- **What to produce**
An exact copy of the data is required, with no pictures in it.

- **Information shown**
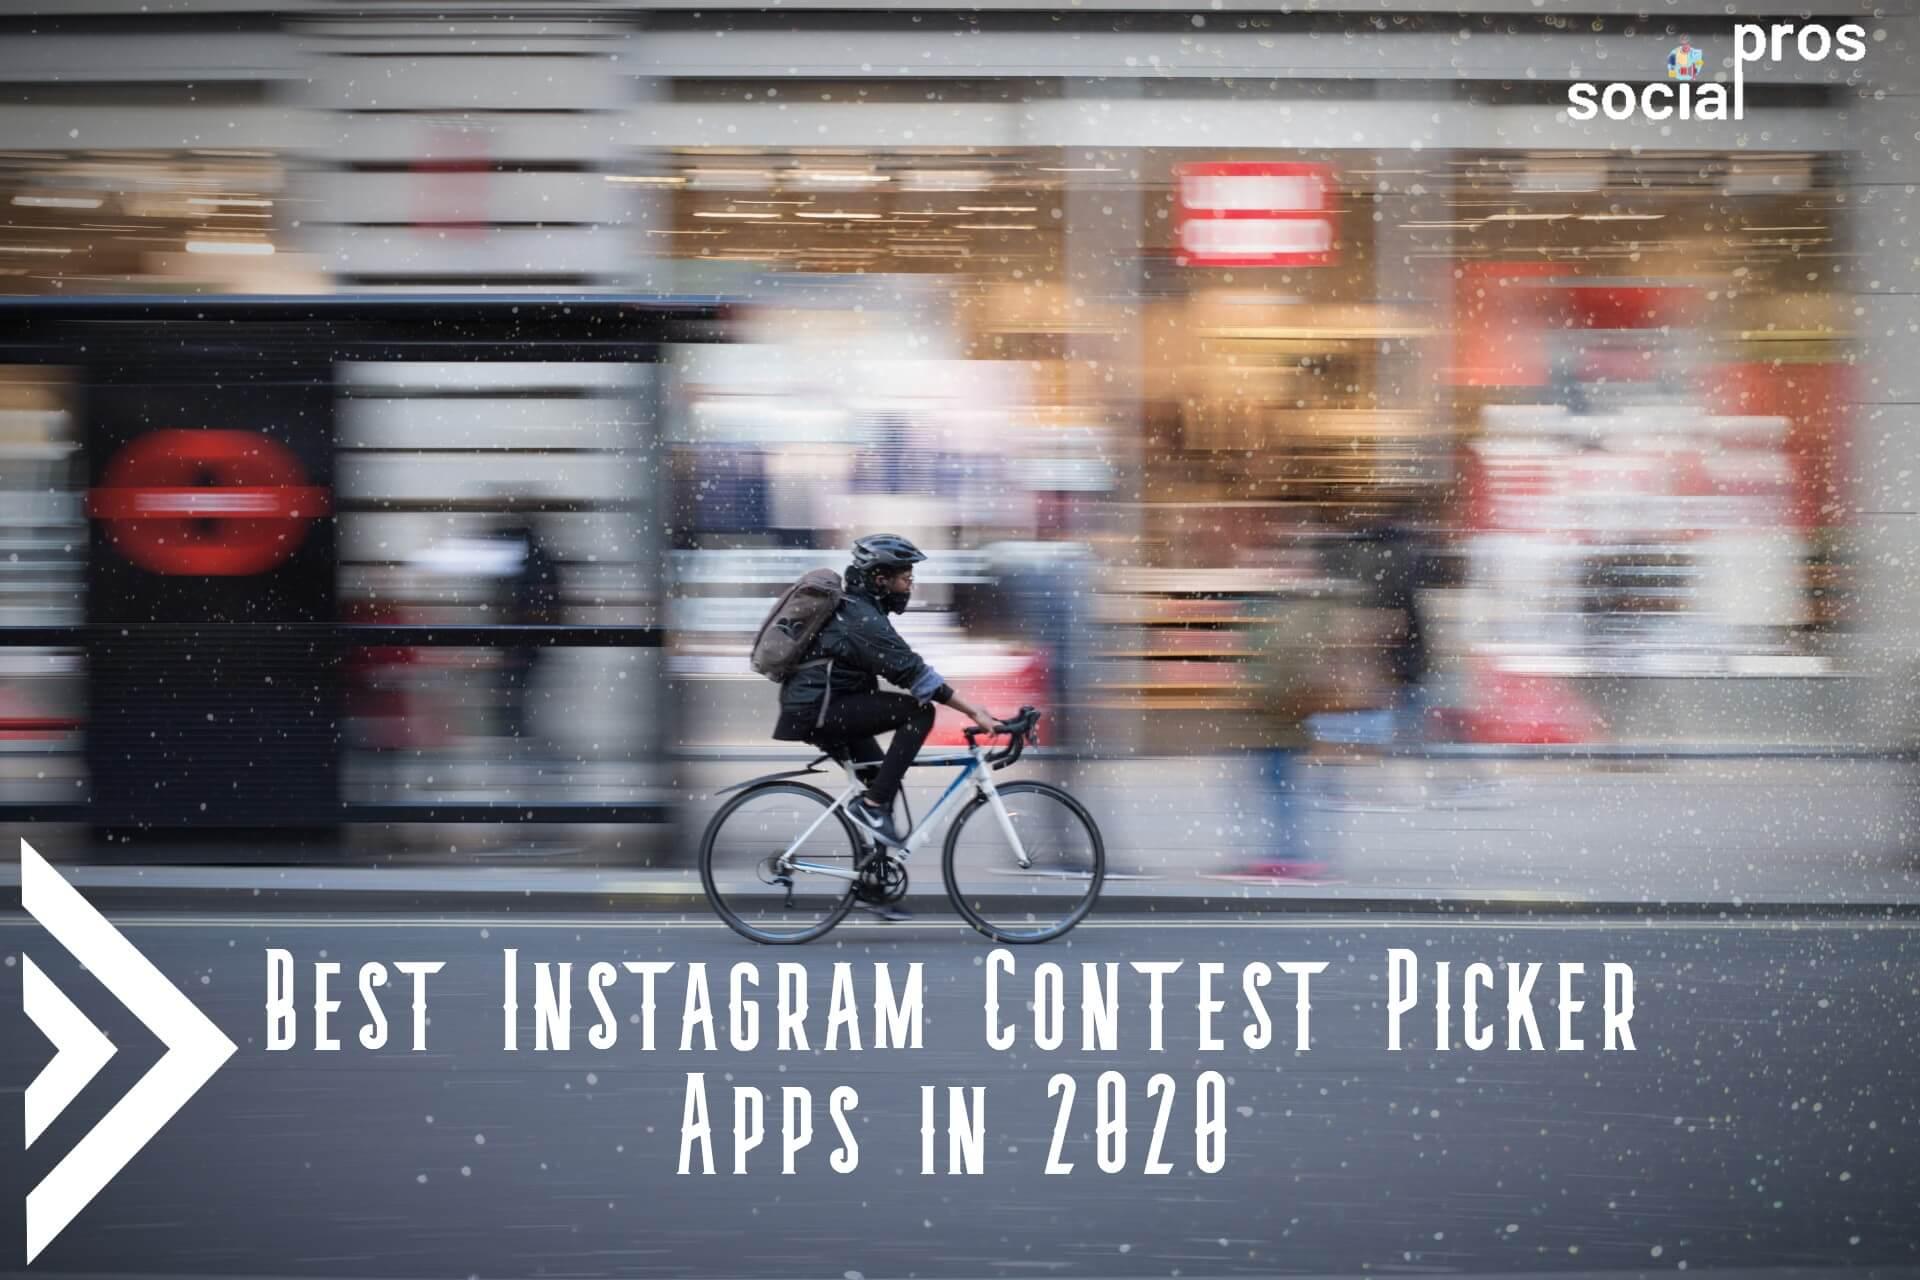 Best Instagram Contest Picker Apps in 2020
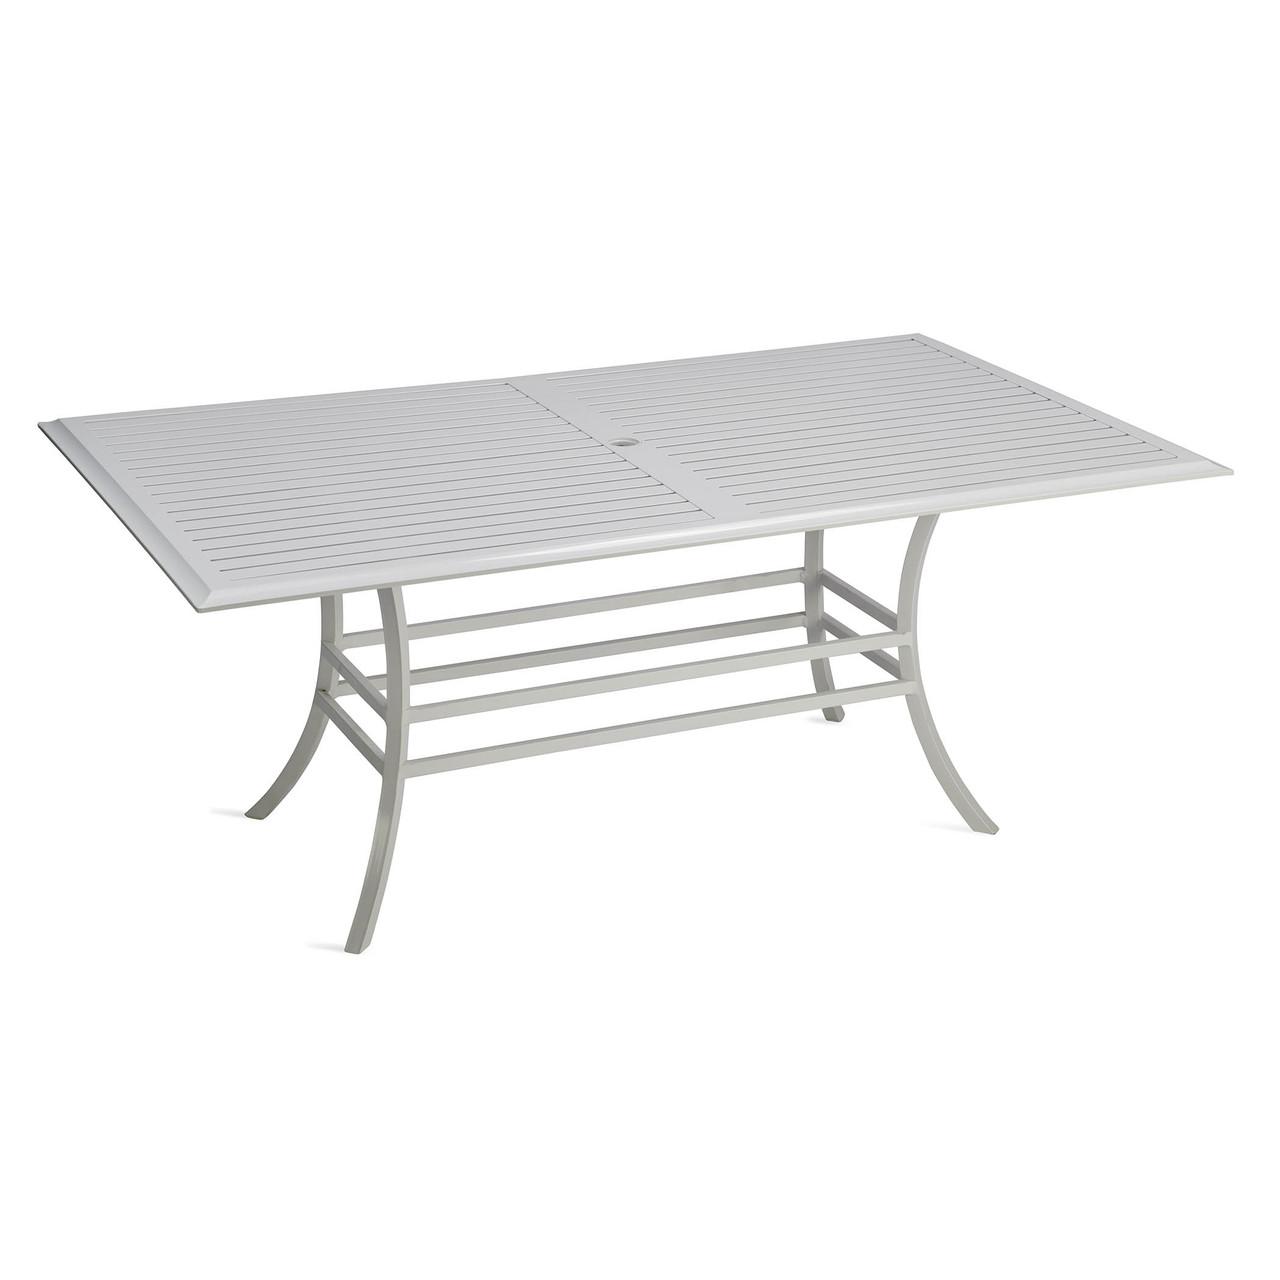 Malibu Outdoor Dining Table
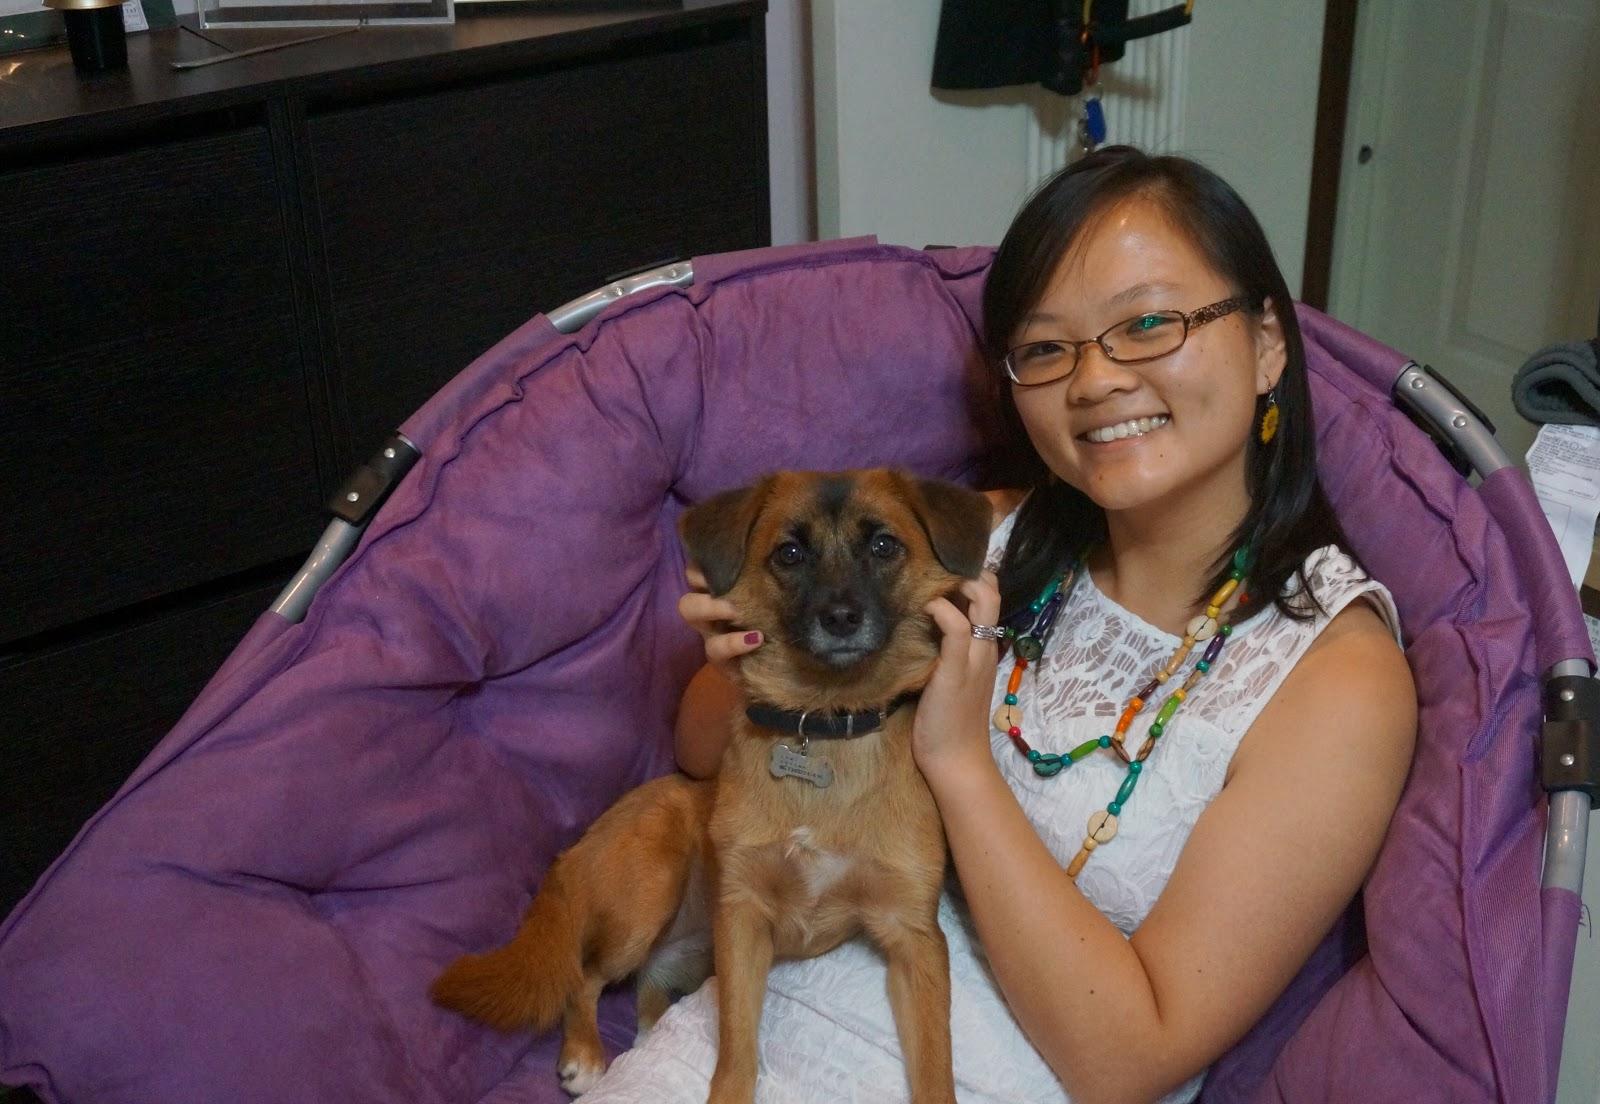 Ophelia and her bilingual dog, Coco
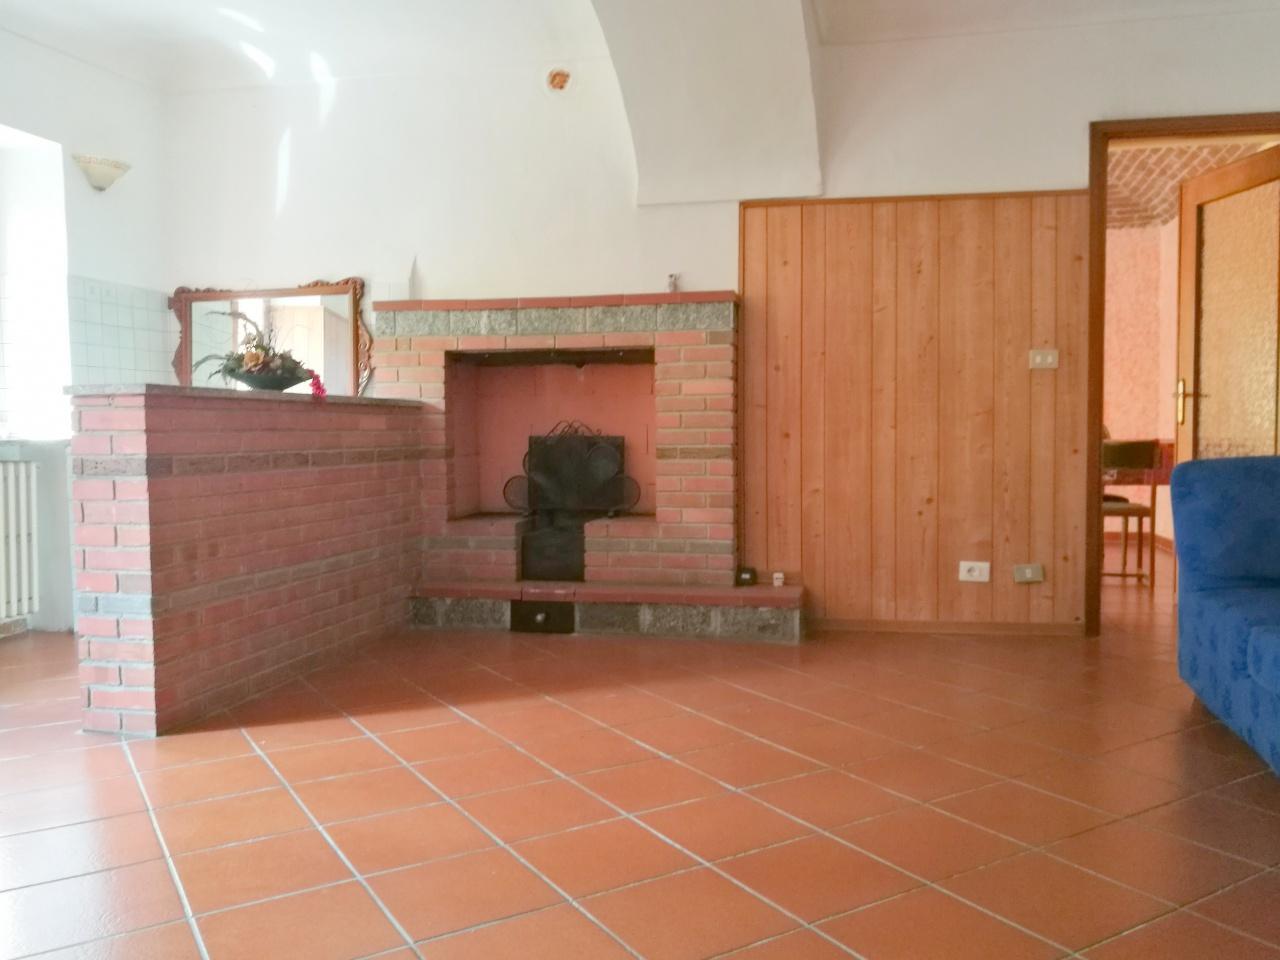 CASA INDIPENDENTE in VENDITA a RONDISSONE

- **Exercise result**
 Best Instagram Contest Picker Apps in 2020
 Malibu Outdoor Dining Table
 Ophelia and her bilingual dog, Coco
 CASA INDIPENDENTE in VENDITA a RONDISSONE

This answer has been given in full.